When I first learned to edit audio for radio production, I was enamored of the way that the editing software could cut out the imperfections, the umms and errs, the wanderings of thought. An interview could be edited together from raw audio and appear seamless. But the more I do this, the more I understand that the danger is that the edits can be too perfect. You can edit so tightly, that no breath is taken before the next thought. It will sound seductively perfect, but there’s no play in the voice, and eventually it registers as mechanical and lifeless. The listener might not even be aware on a conscious level what the problem is, but the voice will sound canned, like an answering machine message. I learned that even if you are cutting from one paragraph to another in a person’s speech, you have to leave in the breath to connect them.
So my problem now is, how do I allow breath back into my writing process?

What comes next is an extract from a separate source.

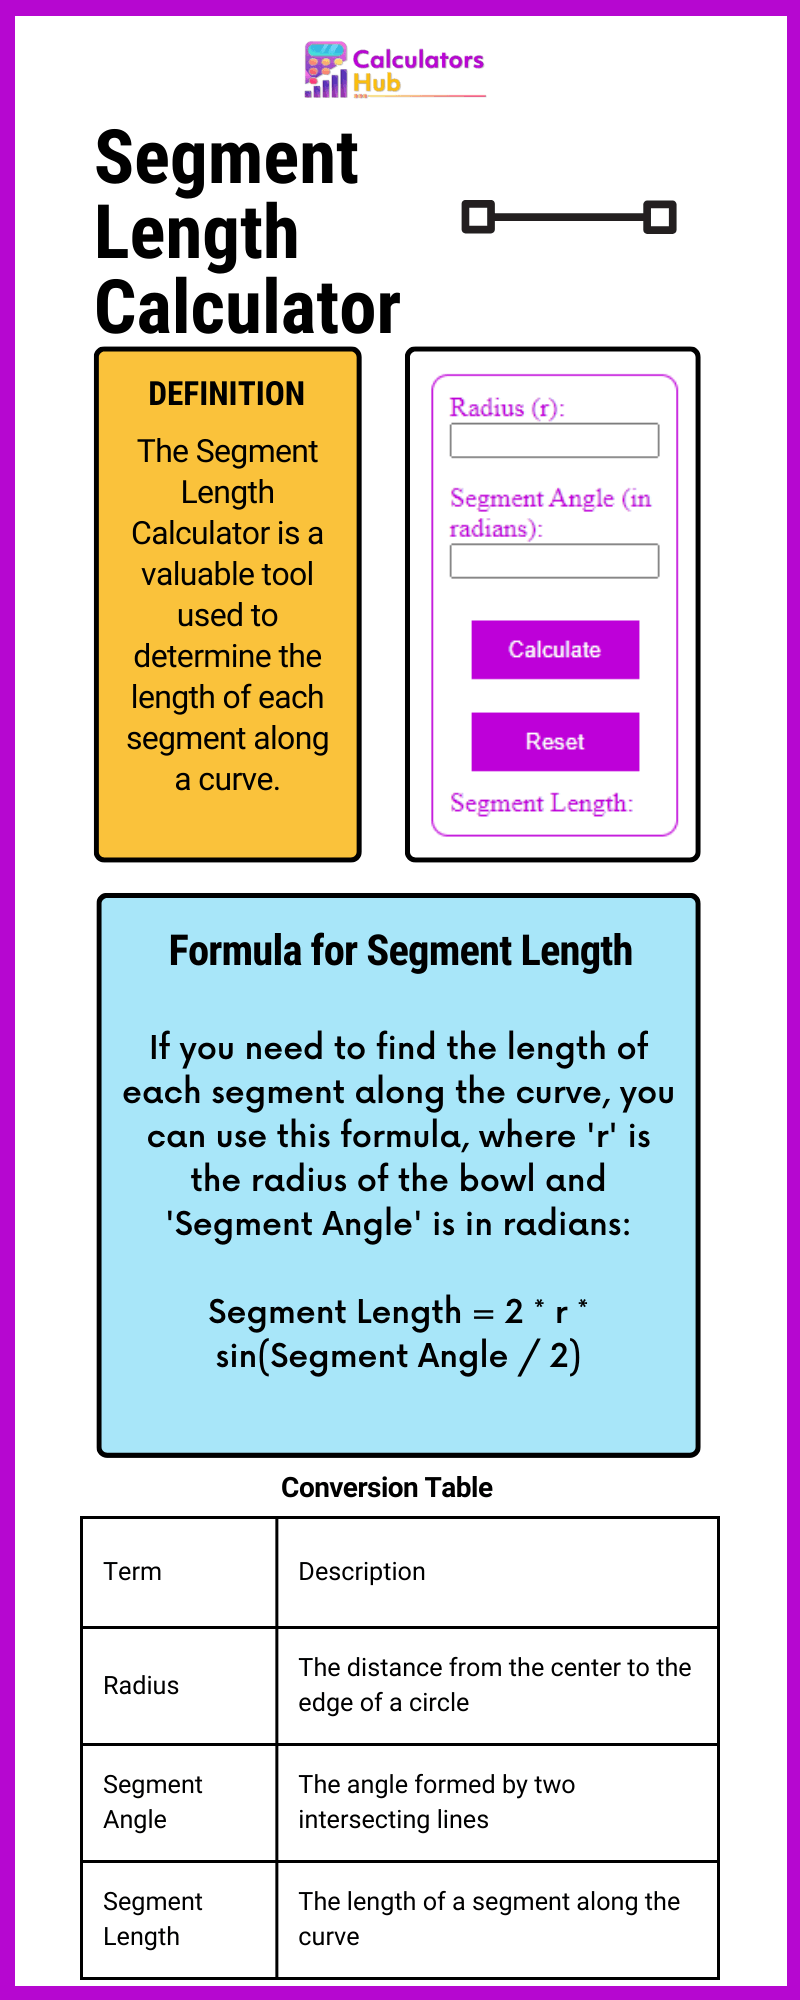 Segment Length Calculator

On the one hand, I don’t want to be judging myself as I write. Not in this phase of the writing. I’m just trying to get out the words, any words. But I need to let in some air or it’s going to drive me crazy. I’m making some progress. I wrote about digressions once before. So now, while writing in this phase, I’m allowing myself to digress for the slightest reason and not let it bother me. I know that, eventually, I will get back to my outline template.
It’s like doing improv acting. There’s a classic improv exercise where the audience gives the actors the first and last lines of the scenes, and the actors must improv everything else in between. It sound difficult–how do you know that you will end up where you need to be for the last line? But the secret to doing it well is to not worry about where you are going to end up. Your unconscious will get you there if you keep going. You just need to trust that you will arrive there in its own good time.
As a writer, I have even more of an out than the improv actor. The actor feels the pressure to be interesting for the audience’s sake. But the writer doesn’t have to worry about the audience yet. I can let the breath go, and I can go where it takes me. If, in the end, it doesn’t go to an interesting place, and it doesn’t fulfill its other obligations, then I can revise –when the time for revision comes.
But for now, my obligation is only to write eight hundred words. In the breathing room, I can play as I wish.